Another issue we faced in dealing with our SAS 70 audit was log management.  Every system admin deals with this issue, we just ignore it most times.  You have all sorts of information stored in log files on all your various servers.  If you were going to review them regularly, you would probably be doing that just about all day every day if you have more than a handful of servers.  Specifically for SAS 70, we needed to have processes to review things like access logs, backup logs, etc from all of our systems on a regular basis, as well as document this review process so that we could prove someone was actually reviewing the logs.
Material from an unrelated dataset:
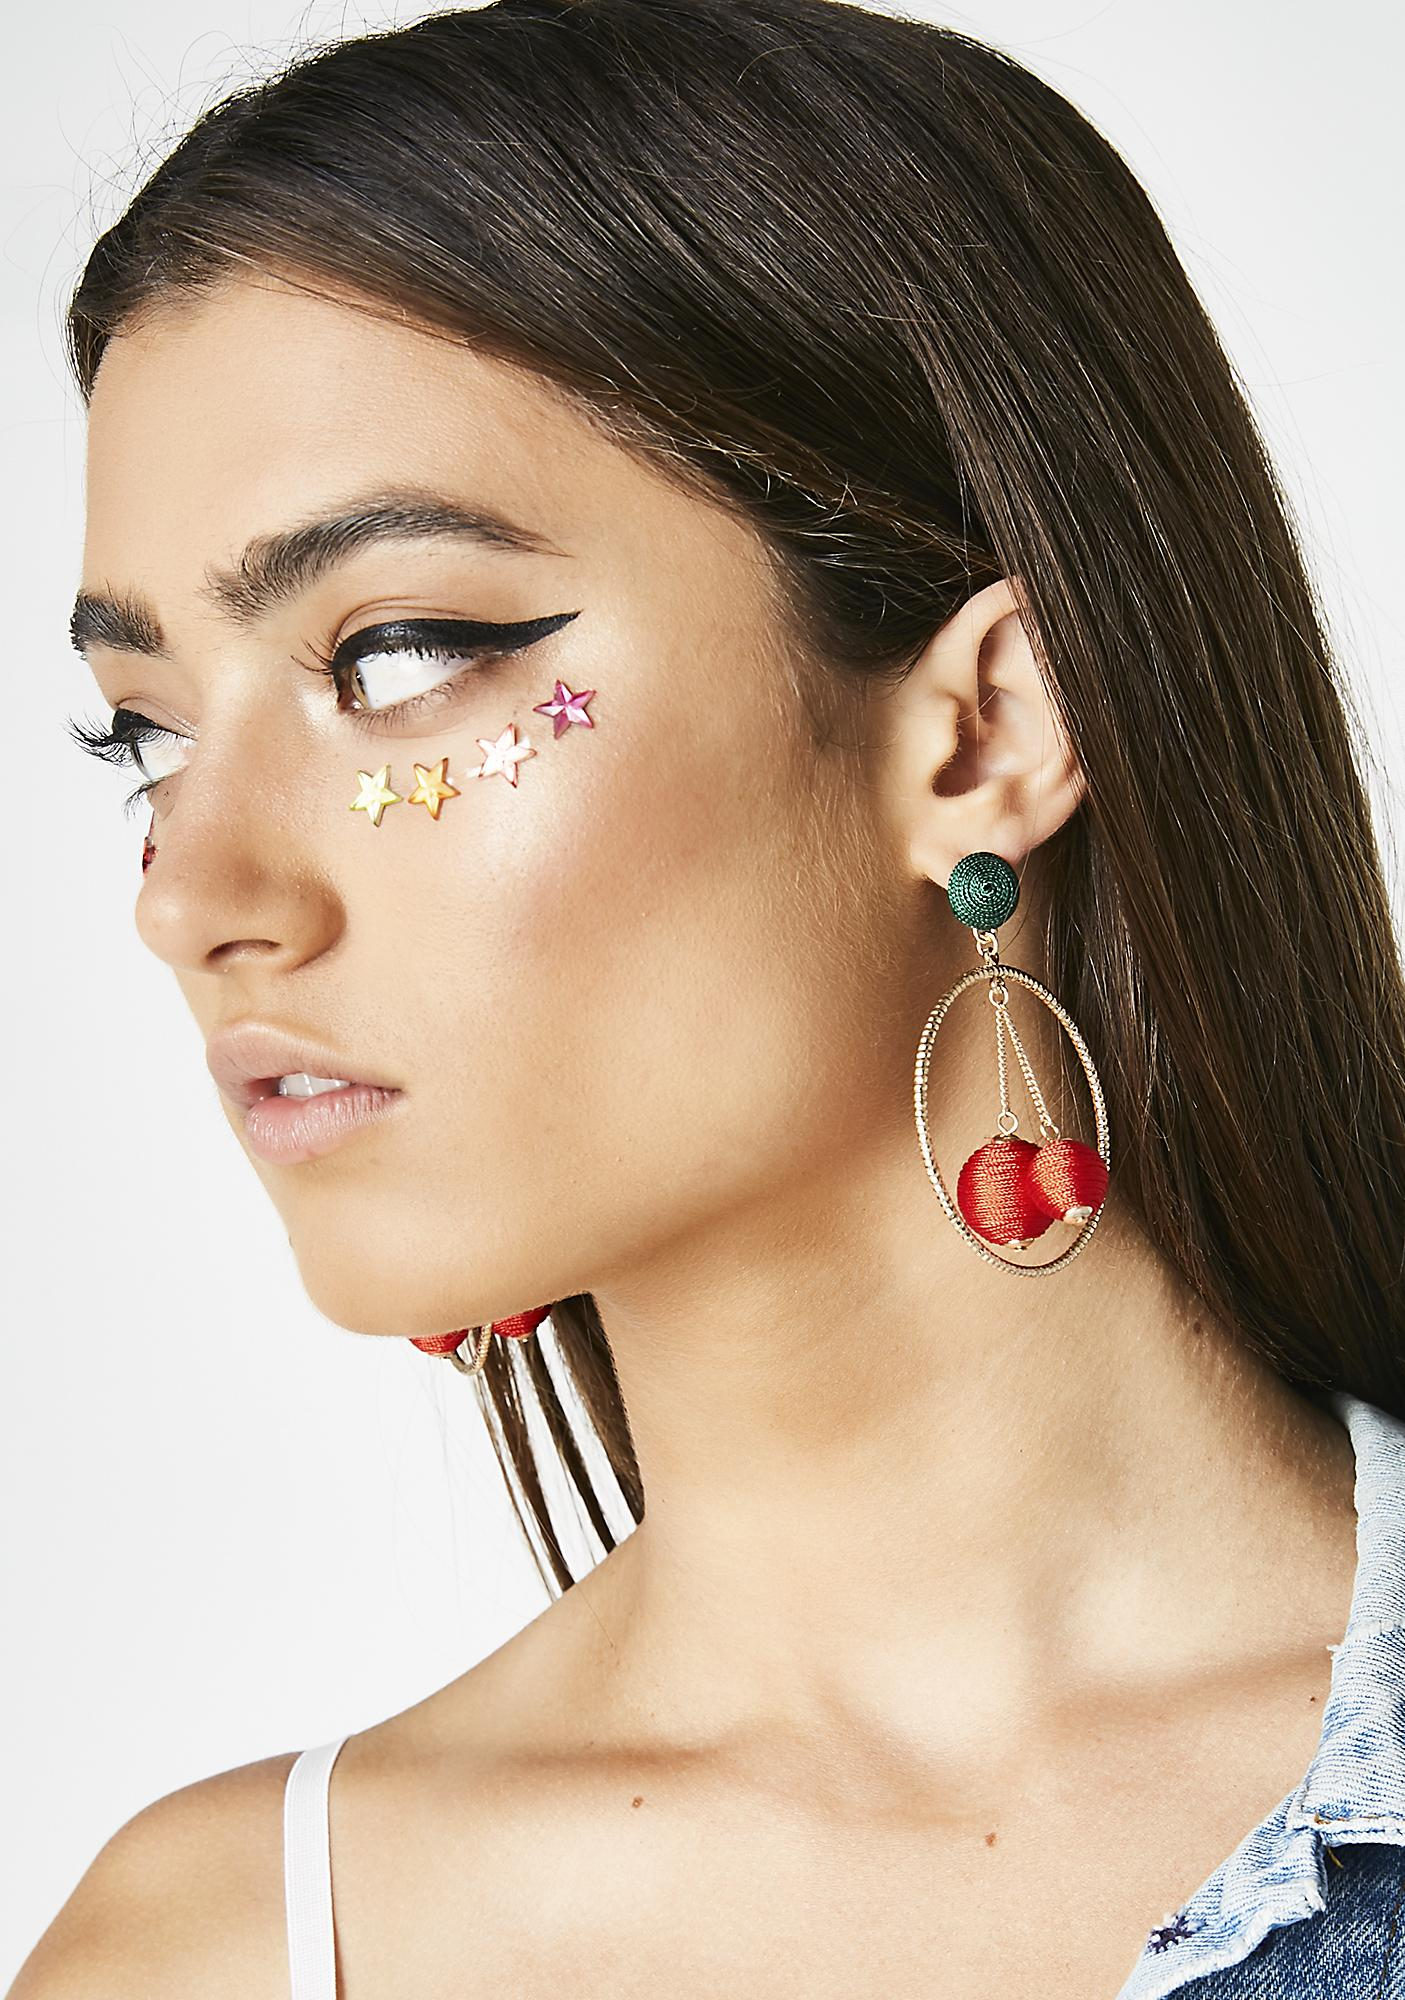 Wild Cherry Child Earrings

There are several companies out there with pretty good products in this area, a google search for log management will turn up several results such as LogLogic, EventLogManagement, and Splunk among others.  We looked into several of these, but in our opinion, the best value for our money definitely seemed to be with Splunk.  Basically, with Splunk, you set all your servers to send their log information to a main splunk server (or several distributed ones) by either having syslog or similar services forward the data or installing the basic splunk server on the server itself and configuring it to just forward the data to the main splunk server.

Once all your log data is in the main splunk server, you can simply “search” the logs just like a google search.  If you have everything configured to extract the correct fields you could do a search like user=jsmith to see everything that John Smith has been doing.  What servers has he logged into and accessed.  One very good report that this can produce is when an employee is terminated.  You can see what they access just before they were termined and what, if anything they accessed after they were terminated.  Obviously, the after termination list should be empty.  But that’s just one advantage.

We are still pretty early in our setup and still working on some of the field extraction and report generation, so I’ll likely have some better examples and praises for splunk in the near future.  For now, I’m interested in hearing how other small businesses are handling this issue.  Anyone willing to share?